**Data block:**

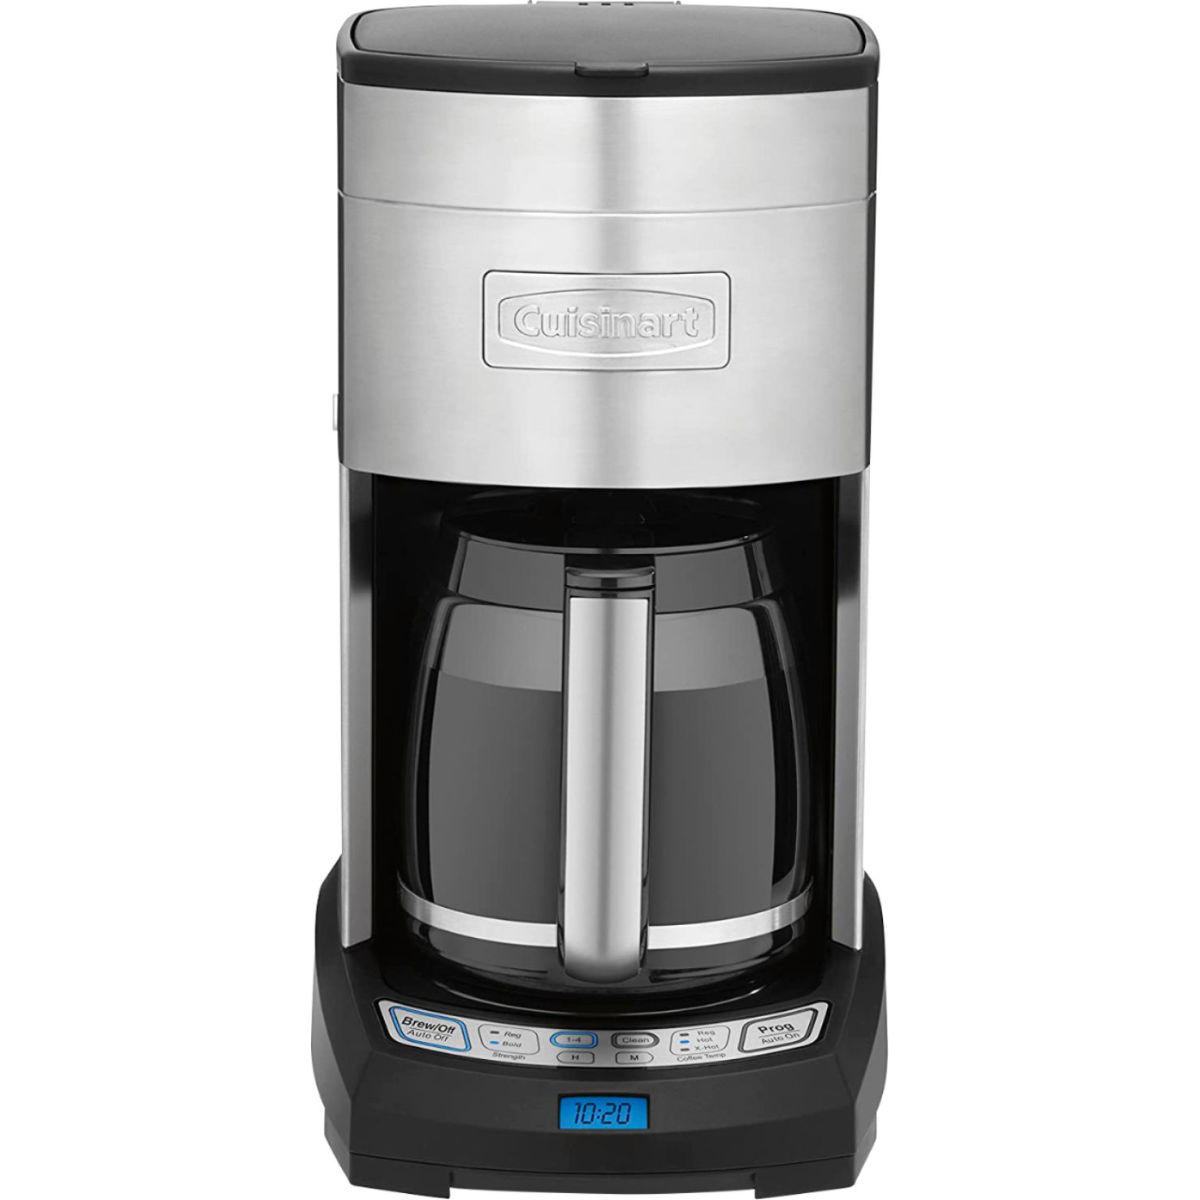 Cuisinart DCC-3650 12-Cup Coffee Maker
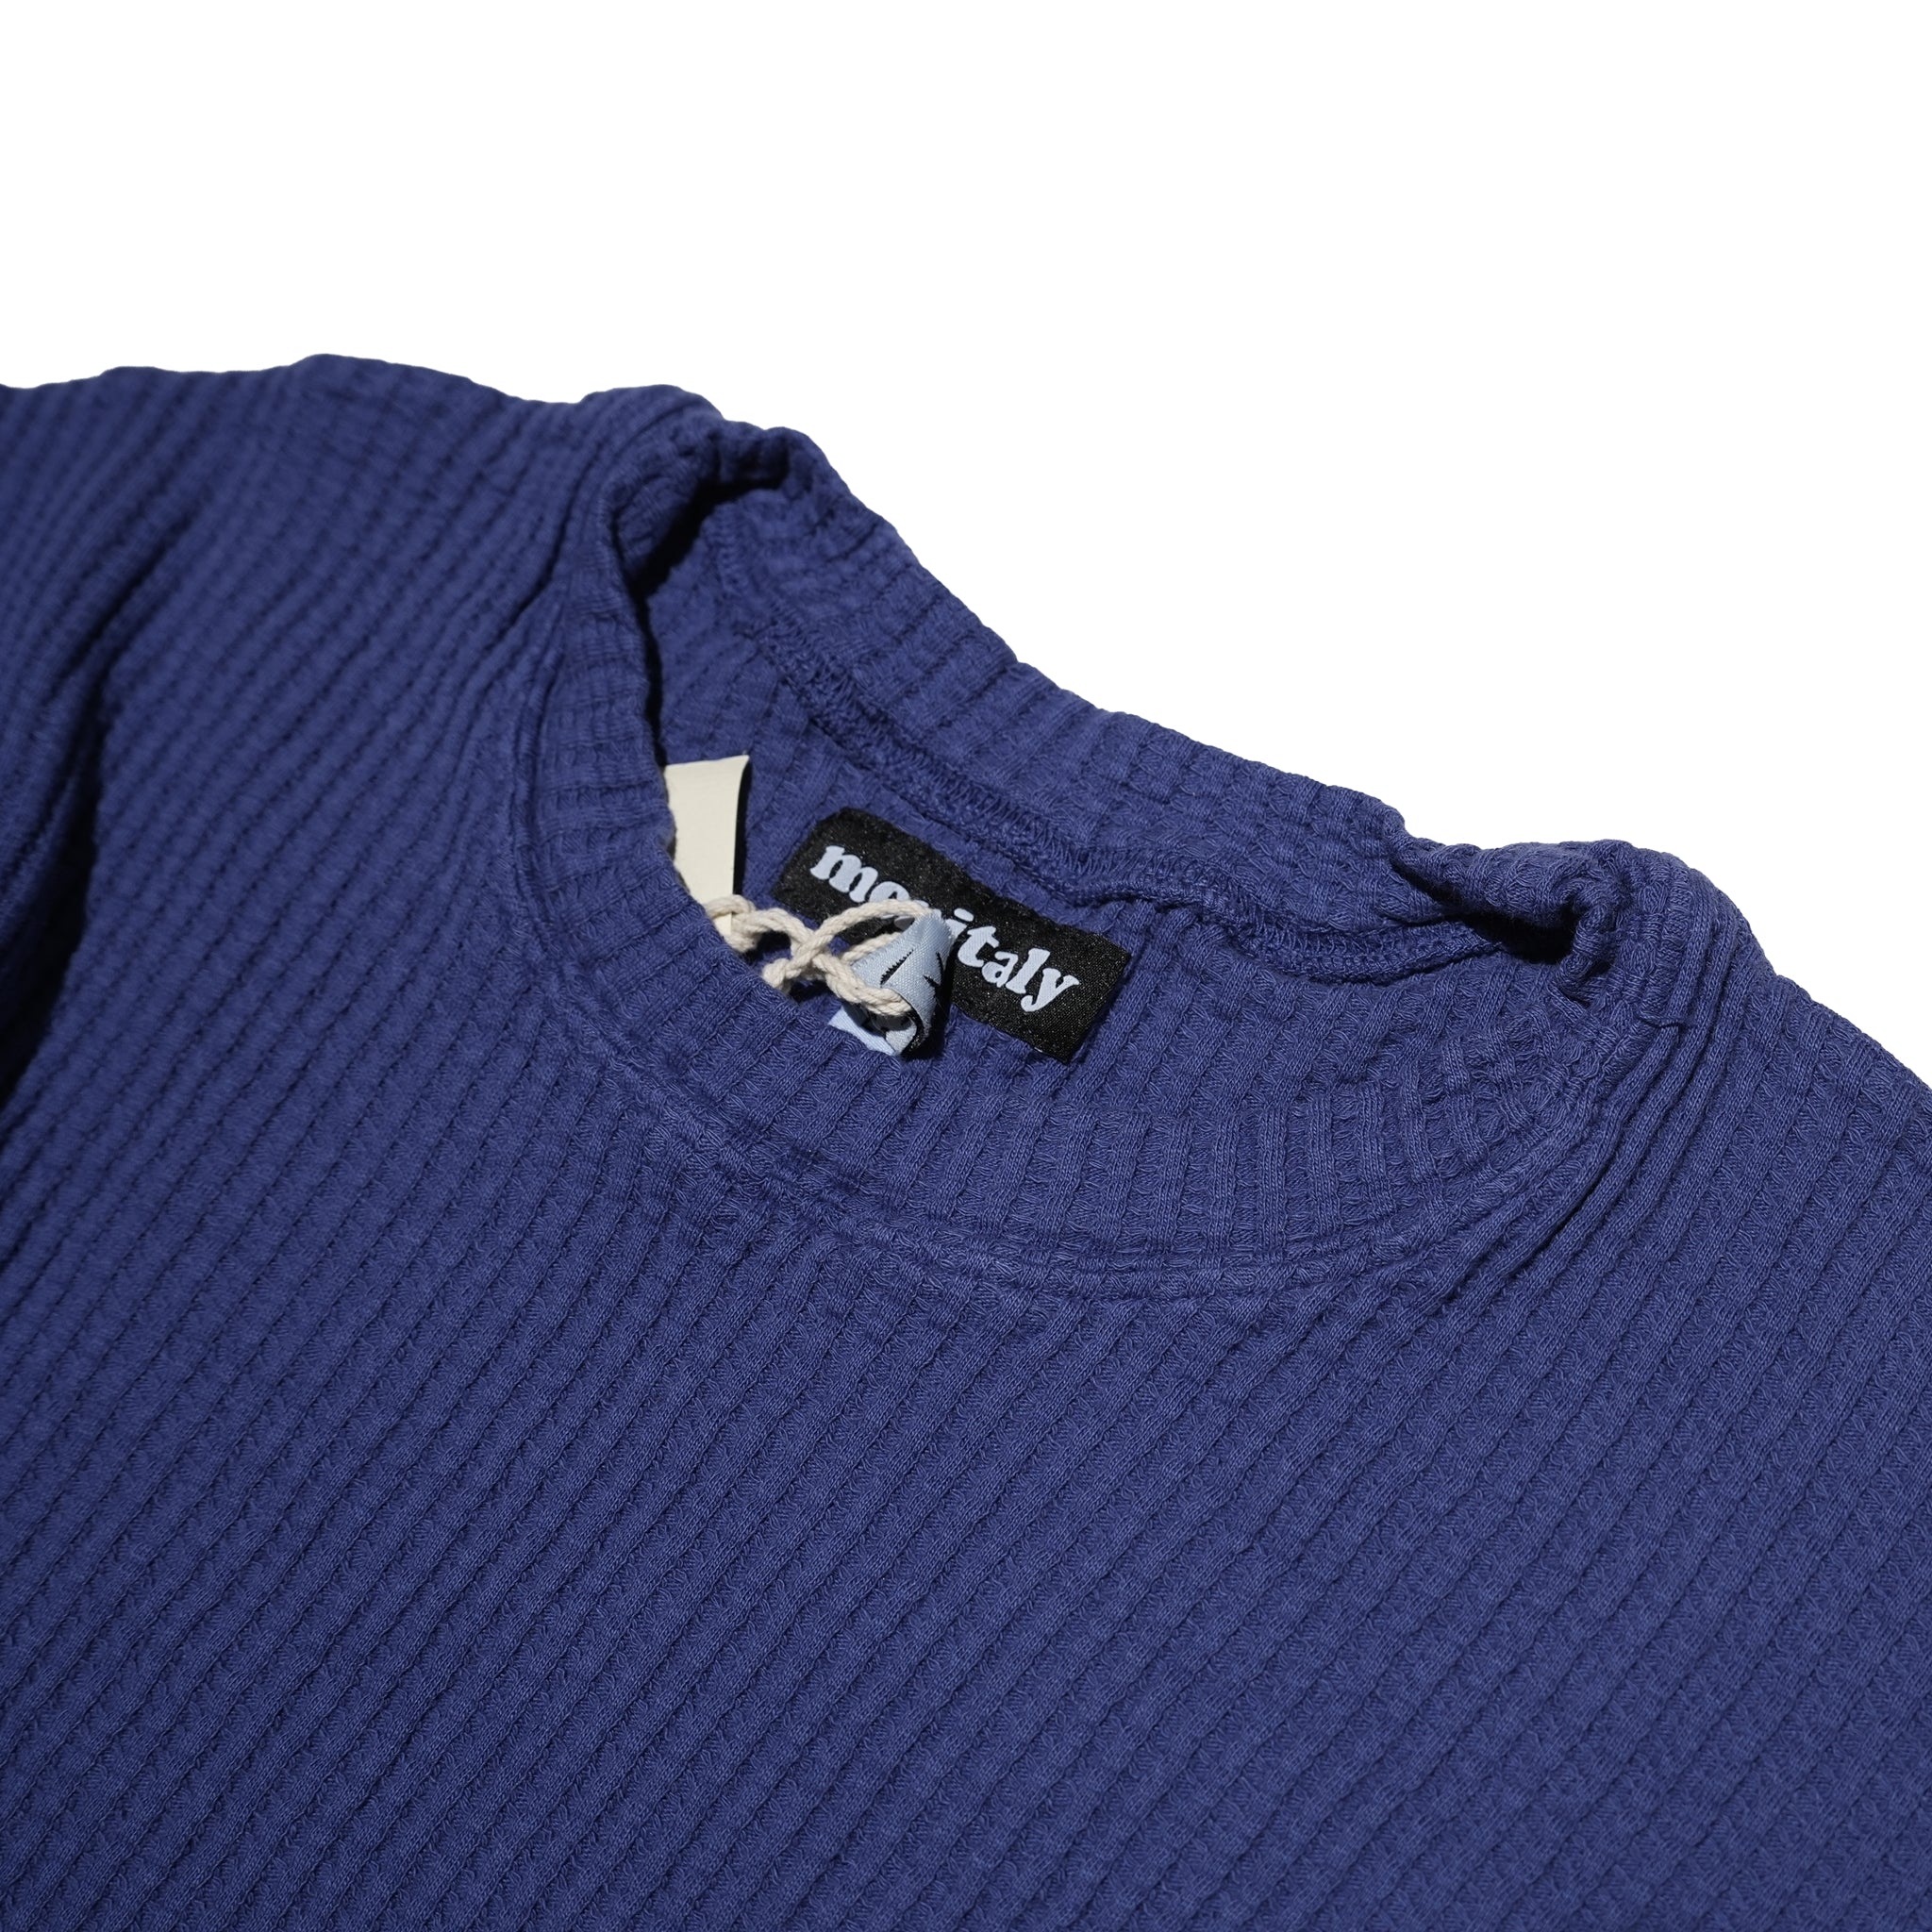 No:M31752-10 | Name:Thermal Cut Off Edges S/S | Color:Navy【MONITALY_モニタリー】
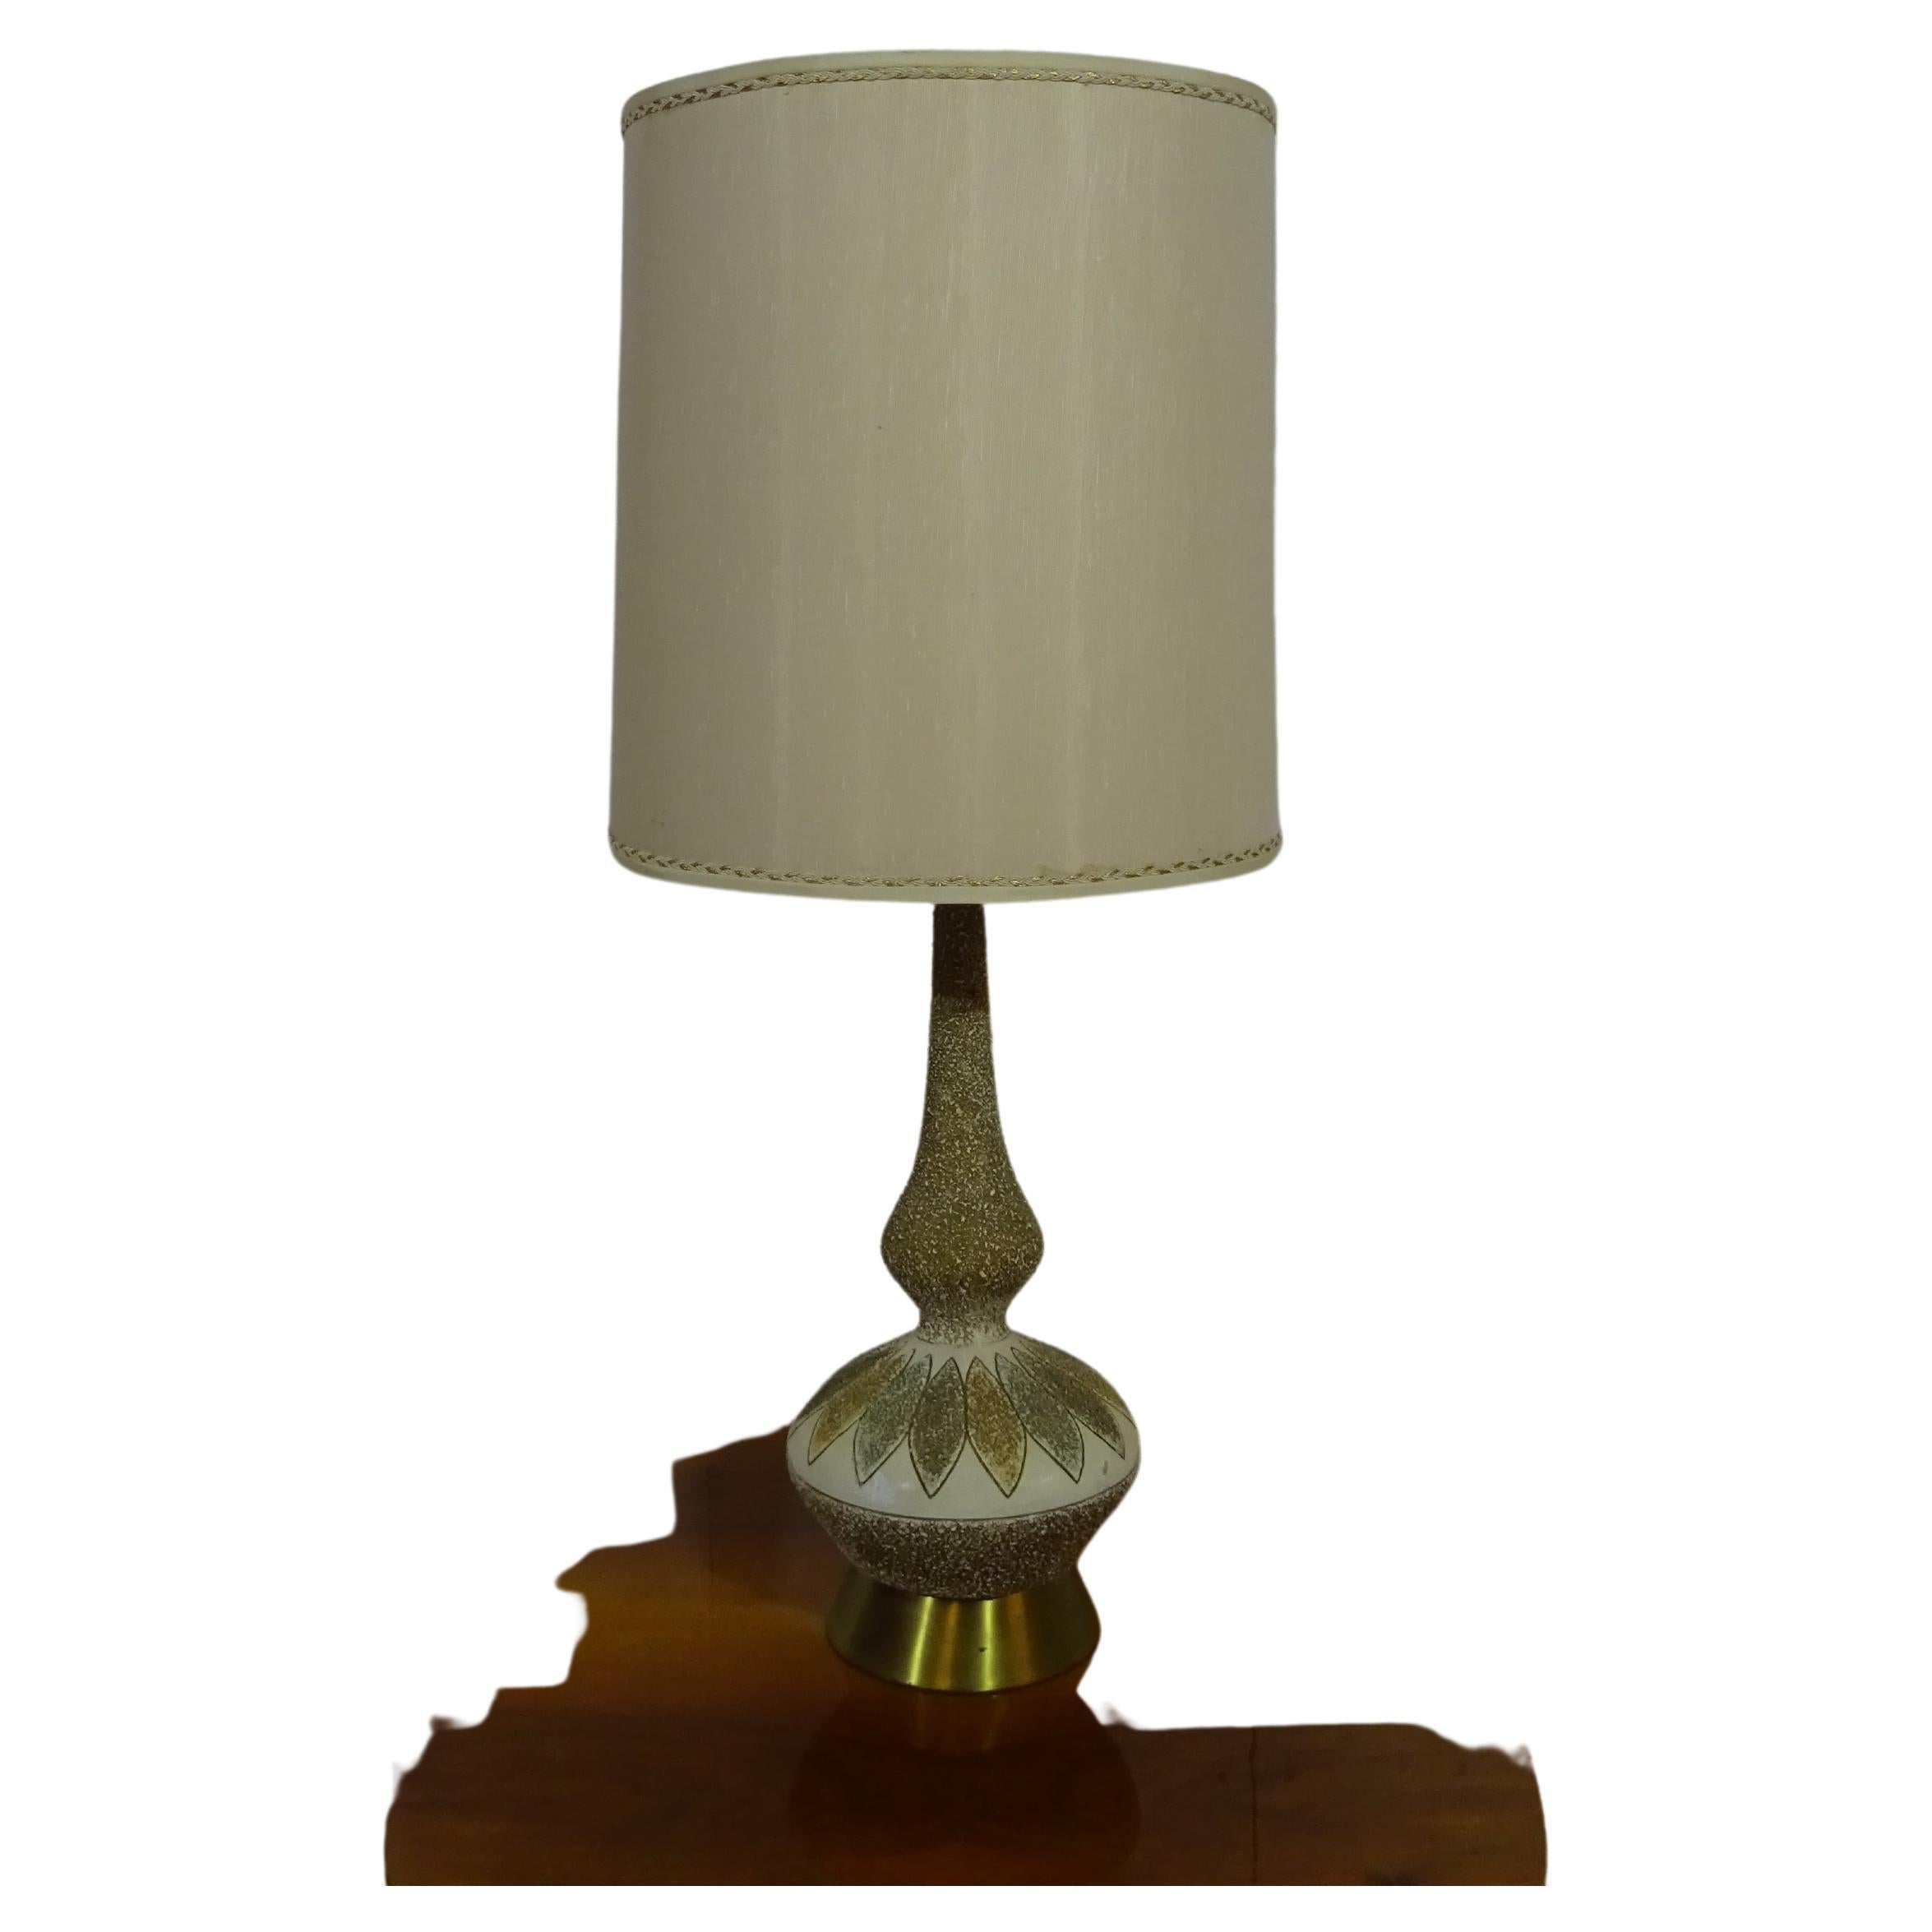 Large 1950's Table Lamp

**Problem statement:**
An exact printout of the listing is needed, minus any pictures it contains.

**Task solution:**
 Cuisinart DCC-3650 12-Cup Coffee Maker
 No:M31752-10 | Name:Thermal Cut Off Edges S/S | Color:Navy【MONITALY_モニタリー】
 Large 1950's Table Lamp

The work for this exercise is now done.